After all, the dark-eyed kid with the long hair lingering near the hot silver car – and in the way – looked like he could have been anybody. Or nobody.

With his skinny frame edging ever so close, who could have blamed this press photographer at the Detroit Auto Show for wanting to move the guy out of the frame? Who was he, anyhow, the photographer must have wondered.

“Uh, excuse me,” the photographer yelled at Franz von Holzhausen as the young designer stood near his creation: the 2007 Saturn Sky roadster. “Can you quit leaning on the car? I’m trying to take a picture. By the way, are you supposed to be here?”

Could there ever be a more loaded question in this automotive world?

Von Holzhausen, a guy with boyish good looks who could easily pass for a decade younger than his 38 years, isn’t the future, he’s the now.

He’s part of a cutting-edge group of young designers who are taking the auto world by storm.

They’re hot. They’re brash. And they’re ready to place their collective stamps on the products of the future.

“There’s a real sense of satisfaction I get from creating things,” von Holzhausen said during some downtime in Detroit last January, just after the unveiling of the production version of the sizzling little two-seat Sky roadster, the exterior of which he personally penned. “There is something about seeing the final car at an auto show and knowing that you’ve poured everything into it.”

His story is one made for TV.

Von Holzhausen grew up on the American east coast and attended Syracuse University in the field of Industrial Design. He was an exceptional art student and eventually found his way to the Art Center College of Design in Pasadena, Calif.

After that, von Holzhausen worked as an assistant chief designer with a team at Volkswagen in the United States, designing the Audi TT coupe and VW Concept One, which became the New Beetle.

But his most interesting break would come with General Motors after von Holzhausen moved from VW to GM’s design studio in Los Angeles, Calif.

In 2001, the Pontiac Solstice two-seat roadster was a pet project of GM product czar Robert Lutz. Shortly after joining GM in September of 2001, Lutz told design chief Wayne Cherry to create a Pontiac roadster concept car for the Detroit Auto Show, only a few months away. Lutz wanted to infuse Pontiac with a vehicle that would represent the soul of a race car at a reasonable price and he wanted a driveable concept ready in 15 weeks, about two months quicker than a typical concept vehicle.

The call went out to the designers at GM. They called it a sketch-off.

“Keep it simple, pure and beautiful and it will be easy to love,” Lutz told the GM designers.
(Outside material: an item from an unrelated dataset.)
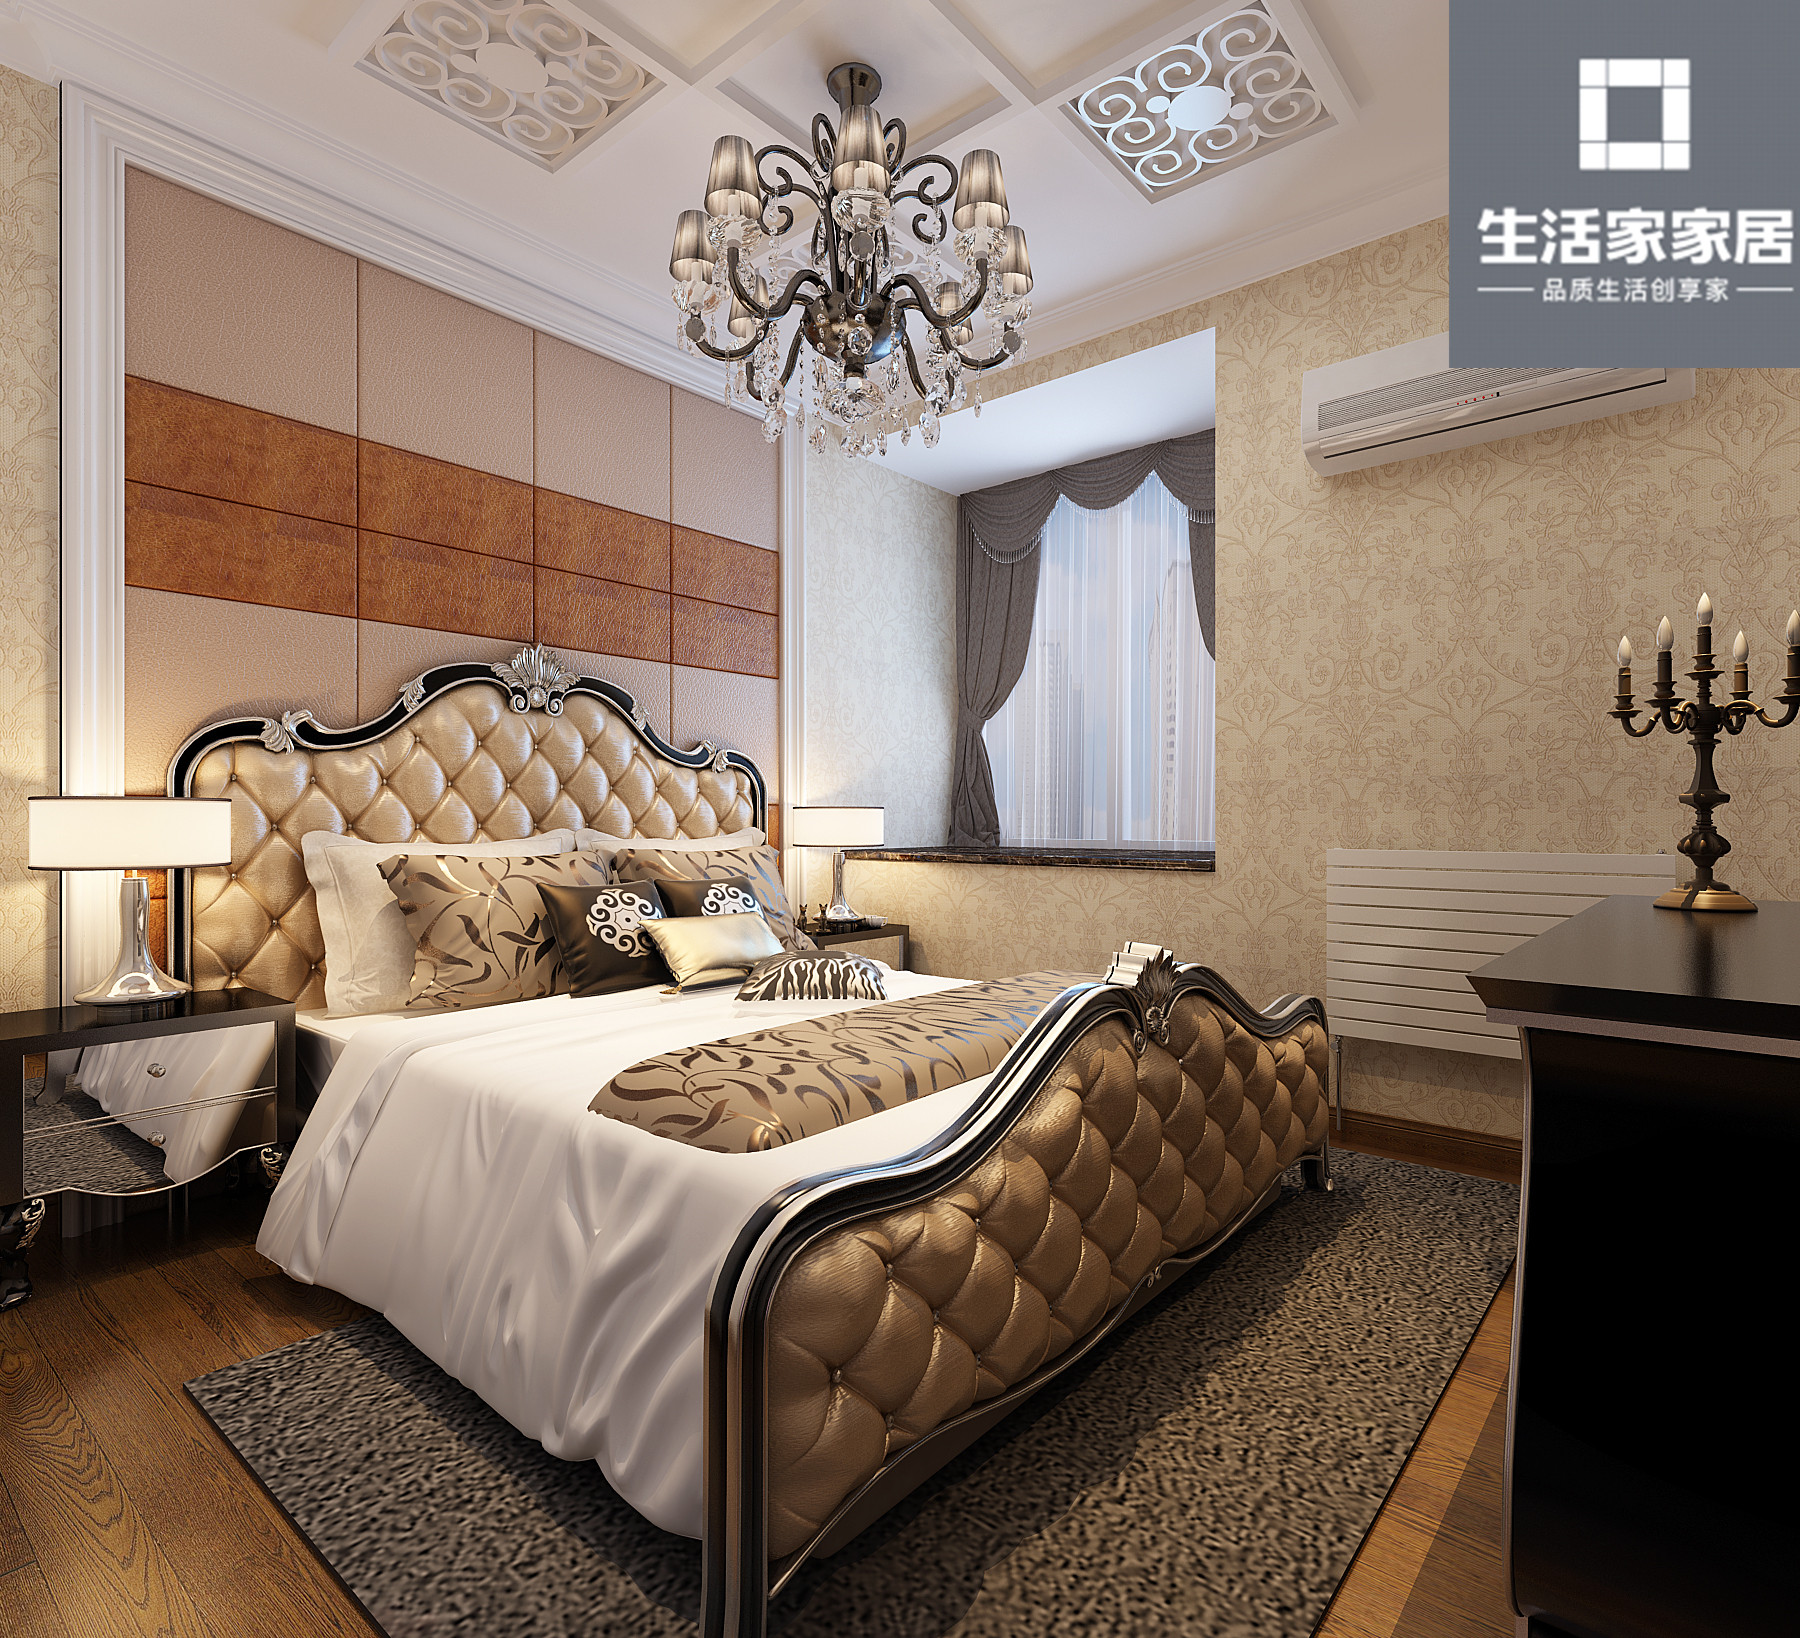 二居 简欧 三口之家 卧室图片来自武汉生活家在观澜国际78平两室两厅简欧风格的分享

“I actually decided to throw this particular sketch into the running at the last minute,” von Holzhausen said. “It was actually based on a coupe I sketched a while ago and thought it might look good as a roadster, so I thought I’d give it a go.”

The sketch was worked into a full-sized clay model in the California studio within two weeks. Designers, using knives, made changes with the help of computer models and von Holzhausen was constantly in the foreground telling them what he wanted.
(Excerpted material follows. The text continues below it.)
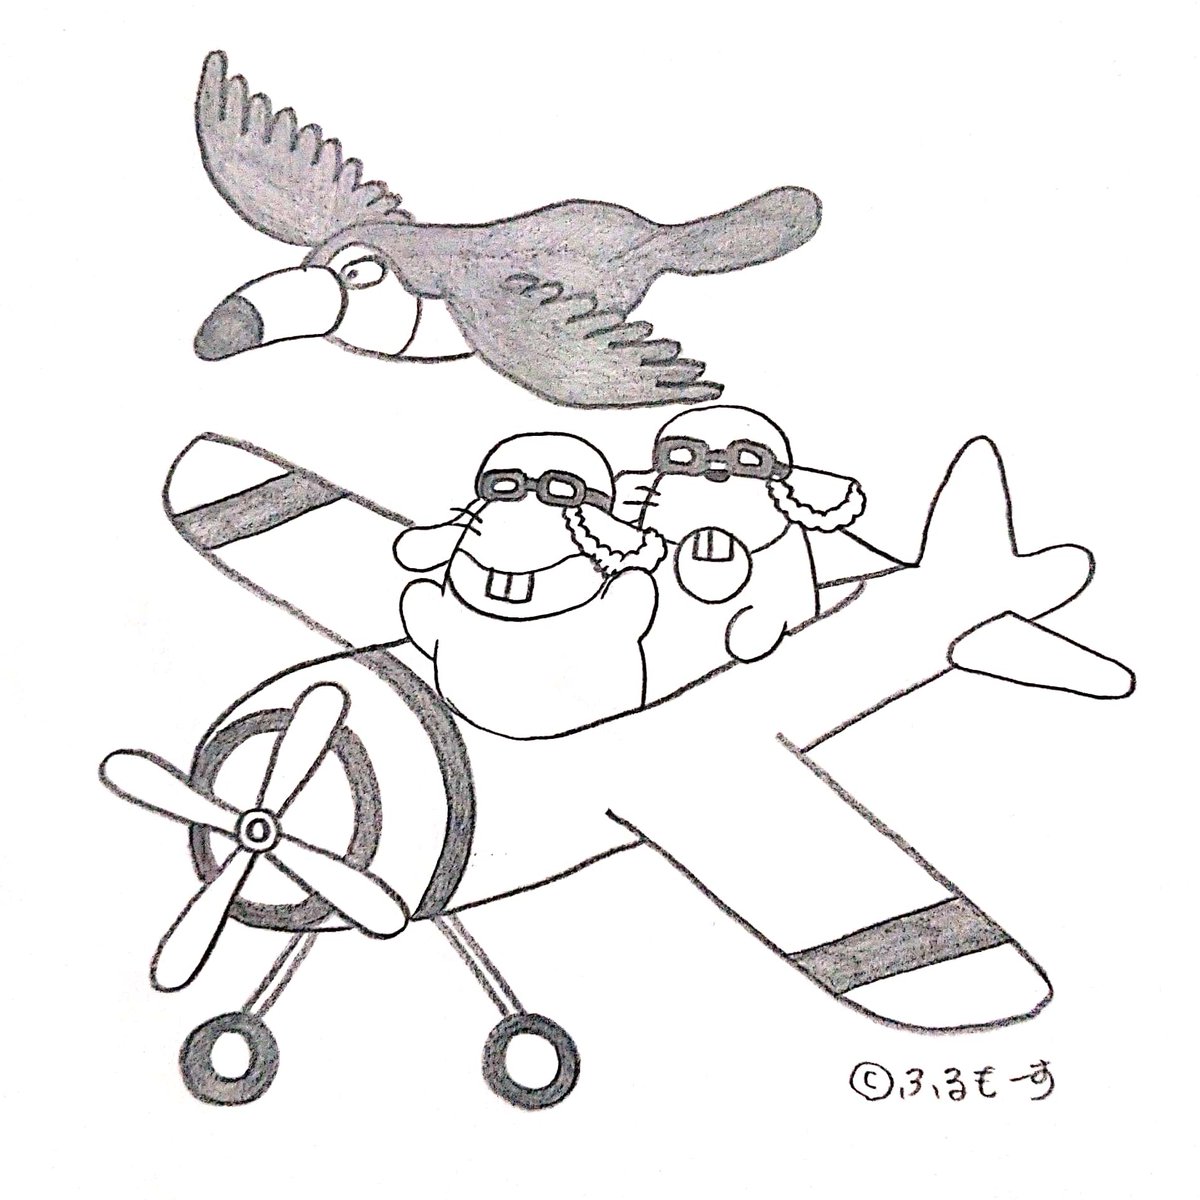 ふるもーす 空想イラスト作家 飛行機で空中遊泳を楽しむビーバー兄弟 ふるもーす 飛行機イラスト ゆるキャラ イラスト好きな人とつながりたい オリジナルキャラクター ビーバー 可愛いイラスト キャライラストクター オリキャラ 動物イラスト

By January it was on stage in Detroit.

“An incredibly gratifying moment in my life,” he says.

But it was only beginning.

Using his influences of Jaguars and Ferraris from the 1950s and 1960s as his guide, von Holzhausen moved on to developing other impressive vehicles, including the Sky, a two-seat roadster that some say is even more gorgeous than the Solstice.

His talent did not go unnoticed.

Less than six weeks after the Sky hit the turntable in January, 2005, he became the design director for Mazda North American Operations.
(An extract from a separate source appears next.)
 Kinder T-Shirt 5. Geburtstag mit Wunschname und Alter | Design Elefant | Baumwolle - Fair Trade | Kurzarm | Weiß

“It’s difficult when you lose any designer,” GM design chief Ed Welburn said at the Chicago auto show, just after the departure. “But this is a real problem in our business and one that, unfortunately, we have to live with all of the time.”

In his new position, von Holzhausen is responsible for overseeing the design and development of all vehicles for Mazda in North America.

“Franz brings years of innovative design expertise to our team,” said Robert Davis, senior vice president of product development and quality at Mazda’s North American operations. “We anticipate great things from him.”